На удивление отца Меркурия доклад Бурея, совмещённый с экскурсией, оказался подробным, обстоятельным, чётким и при этом совсем немногословным. Попусту болтать Бурей явно не любил. Закончив непосредственно с церковью, материалами, запасёнными на её ремонт, пожертвованиями, порядком обеспечения священника и ещё кучей хозяйственных вопросов, церковный староста пророкотал:
– А теперь пошли, я тебе остальное хозяйство покажу.
– Да я видел уже, – попытался отмахнуться отец Меркурий. – Хвалю тебя, добрый христианин, за заботу о храме сём, общине и её хозяйстве.
Бурей удивлённо вскинулся.
«Видать, мой любезный Минотавр, сам ты себя добрым христианином не считаешь.

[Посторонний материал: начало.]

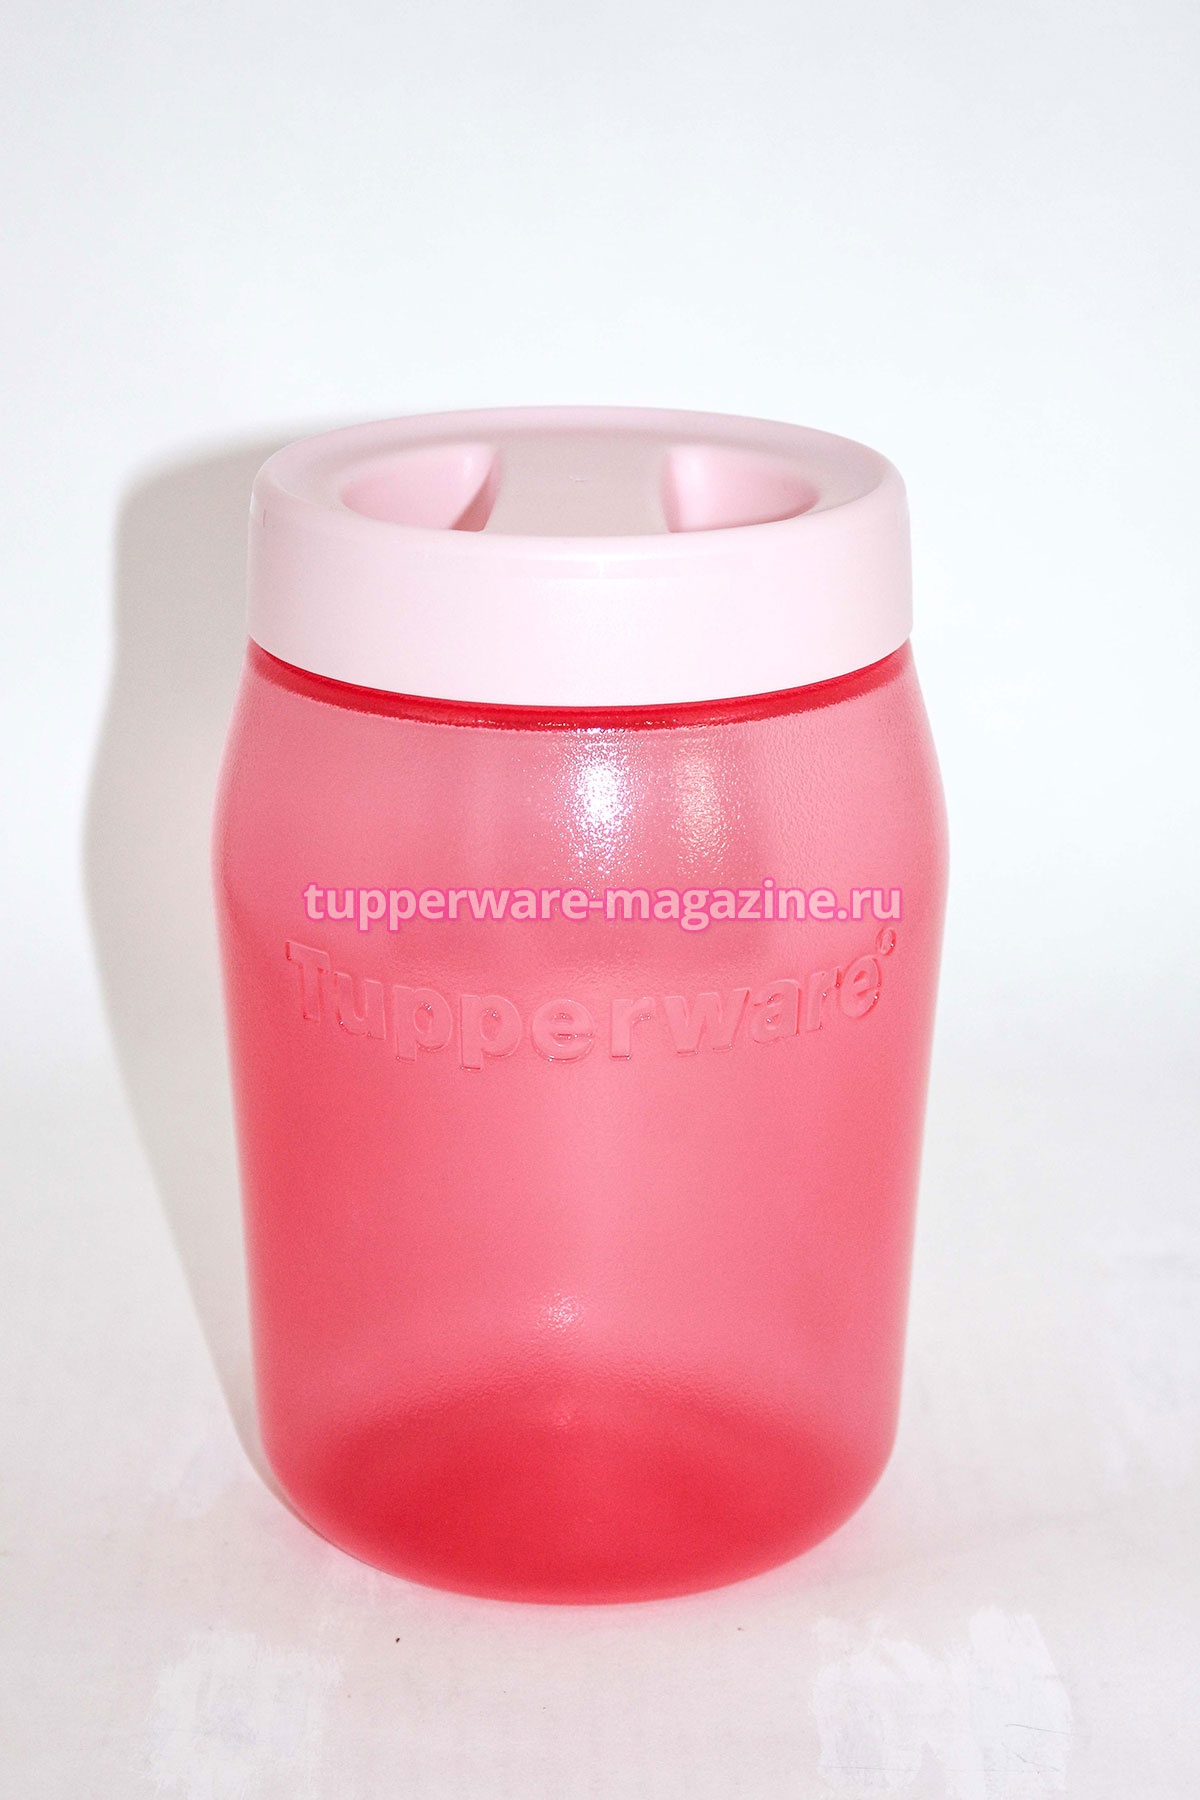 Чудо-банка Tupperware 1,5 л в розовом цвете
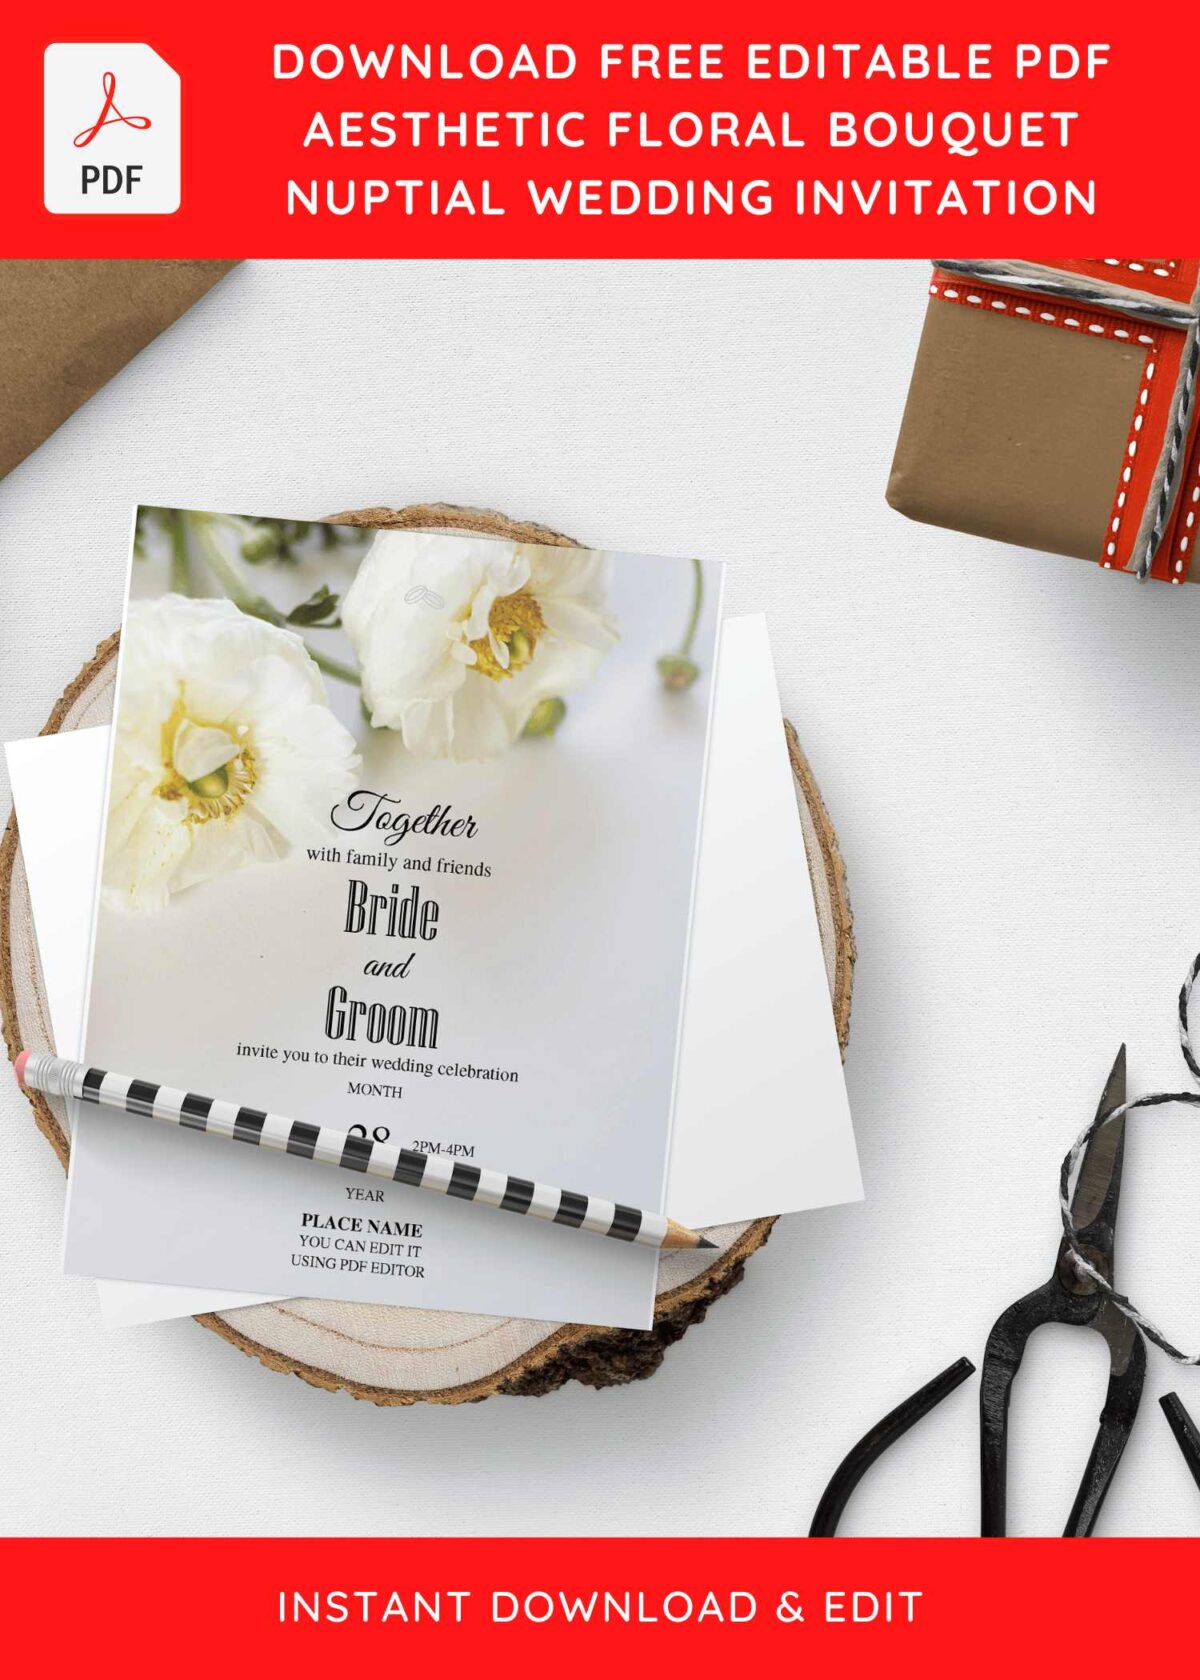 (Free Editable PDF) Pristine White Rose Wedding Invitation Templates with Romantic white rose

Судя по тому, что про тебя говорят и что я видел, так и есть. Но погоди судить, Макарий, и в навозе случаются жемчужные зёрна».
– Не, отче, так не пойдёт, – страхолюдный церковный староста помотал башкой. – Порядок быть должон! Сейчас тебе ещё одну церковную избу покажу, девку Ульку – я пожертвовал, где Агриппина-просфирщица живёт, покажу, где Силантий-псаломщик, где певчие. Самих-то ты их знаешь уже, но всё одно не помешает. Потом к Алёне зайдём – она за предшественником твоим ходила. Тебе-то оно без надобности, здоровьем ты не шибко обижен, а уважить всё одно надо. Звонаря ещё надо – тебе без ноги на колокольню лазить несподручно. Найдём. Только учить его сам будешь – я не умею.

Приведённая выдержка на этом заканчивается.